Matthew 7 Bible Commentary

John Lightfoot’s Bible Commentary

(Read all of Matthew 7)
2. For with what judgment ye judge, ye shall be judged: and with what measure ye mete, it shall be measured to you again.

[With what measure ye mete.] This is a very common proverb among the Jews: In the measure that a man measureth, others measure to him. See also the tract Sotah, where it is illustrated by various examples.

4. Or how wilt thou say to thy brother, Let me pull out the mote out of thine eye; and, behold, a beam is in thine own eye?

[Let me pull out the mote out of thine eye, &c.] And this also was a known proverb among them: "It is written in the days when they judged the judges, that is, in the generation which judged their judges, When any [judge] said to another, Cast out the mote out of thine eye; he answered, Cast you out the beam out of your own eye," &c.

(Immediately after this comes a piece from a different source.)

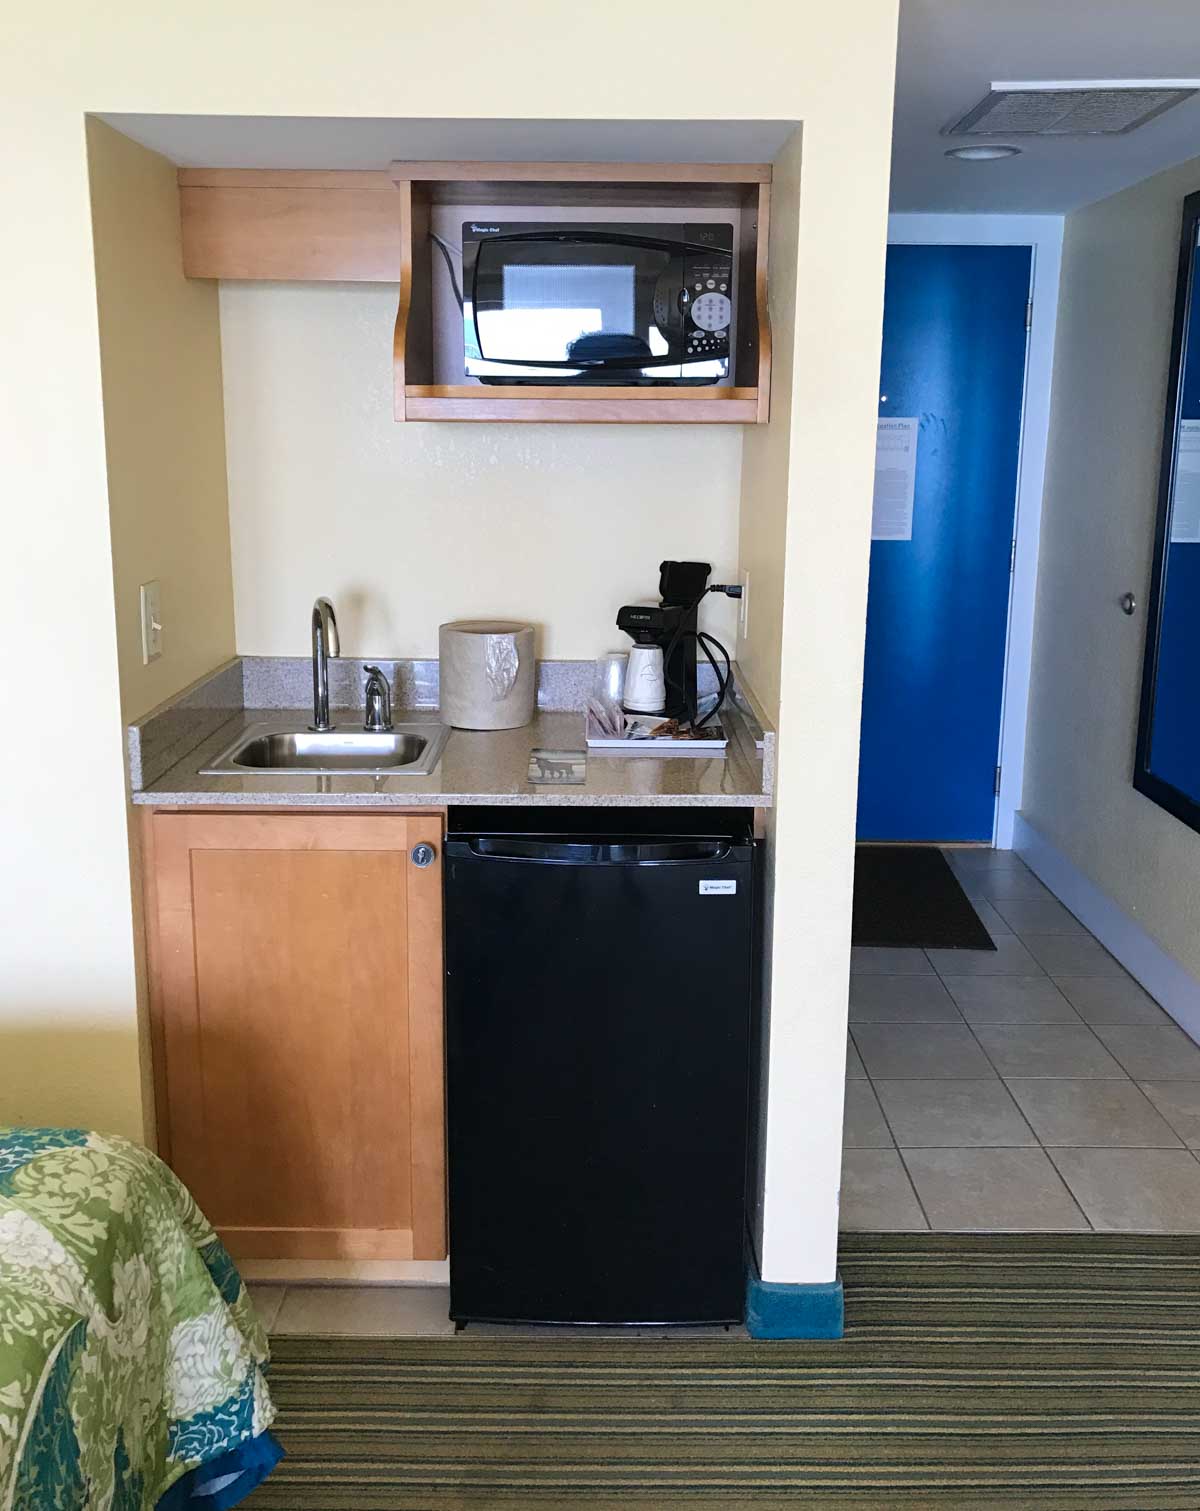 The kitchenette in a family-friendly hotel room.

"R. Tarphon said, 'I wonder whether there be any in this age that will receive reproof: but if one saith to another, Cast out the mote out of thine eye, he will be ready to answer, Cast out the beam out of thine own eye.'" Where the Gloss writes thus; "Cast out the mote, that is, the small sin that is in thine hand; he may answer, But cast you out the great sin that is in yours. So that they could not reprove, because all were sinners."

9. Or what man is there of you, whom if his son ask bread, will he give him a stone?

[Will he give him a stone?] Here that of Seneca comes into my mind; "Verrucosus called a benefit roughly given from a hard man, panem lapidosum, 'stony bread.'"

12. Therefore all things whatsoever ye would that men should do to you, do ye even so to them: for this is the law and the prophets.

[Whatsoever ye would that men should do unto you, &c.] A certain Gentile came to Shammai, and said, 'Make me a proselyte, that I may learn the whole law, standing upon one foot': Shammai beat him with the staff that was in his hand. He went to Hillel, and he made him a proselyte, and said, That which is odious to thyself, do it not to thy neighbour: for this is the whole law.

13. Enter ye in at the strait gate: for wide is the gate, and broad is the way, that leadeth to destruction, and many there be which go in thereat:

[Broad is the way.] In these words, concerning the broad and narrow way, our Saviour seems to allude to the rules of the Jews among their lawyers concerning the public and private ways. With whom, "a private way was four cubits in breadth; a public way was sixteen cubits." See the Gloss in Peah.

14. Because strait is the gate, and narrow is the way, which leadeth unto life, and few there be that find it.

[Gate.] Under this phrase are very many things in religion expressed in the Holy Scripture, Genesis 28:17, Psalm 118:19,20, Matthew 16:18, &c.; and also in the Jewish writers. 'The gate of repentance' is mentioned by the Chaldee paraphrast upon Jeremiah 33:6; and 'the gate of prayers,' and 'the gate of tears.' "Since the Temple was laid waste, the gates of prayer were shut, but the gates of tears were not shut."

Strait gate, seems to be the Greek rendering of Pishpesh, a word very usual among the Talmudists: "With a key he opened the little door, and out of Beth-mokad" (the place of the fire-hearth) "he entereth into the court." Pishpesh, saith the Aruch, is a little door in the midst of a great door.

15. Beware of false prophets, which come to you in sheep's clothing, but inwardly they are ravening wolves.

[In sheep's clothing.] Not so much in woolen garments as in the very skins of sheep: so that outwardly they might seem sheep, but "inwardly they were ravening wolves." Of the ravenousness of wolves among the Jews, take these two examples besides others. "The elders proclaimed a fast in their cities upon this occasion, because the wolves had devoured two little children beyond Jordan. More than three hundred sheep of the sons of Judah Ben Shamoe were torn by wolves."

16. Ye shall know them by their fruits. Do men gather grapes of thorns, or figs of thistles?

[By their fruits ye shall know them.] That is a proverb not unlike it. A gourd, a gourd, is known by its branch.

29. For he taught them as one having authority, and not as the scribes.

[As one having authority, and not as the scribes.] It is said with good reason, in the verse going before, that "the multitude were astonished at Christ's doctrine": for, besides his divine truth, depth, and convincing power, they had not before heard any discoursing with that authority, that he did. The scribes borrowed credit to their doctrine from traditions, and the fathers of them: and no sermon of any scribe had any authority or value, without The Rabbins have a tradition, or The wise men say; or some traditional oracle of that nature. Hillel the Great taught truly, and as the tradition was concerning a certain thing; "But, although he discoursed of that matter all day long, they received not his doctrine, until he said at last, So I heard from Shemaia and Abtalion."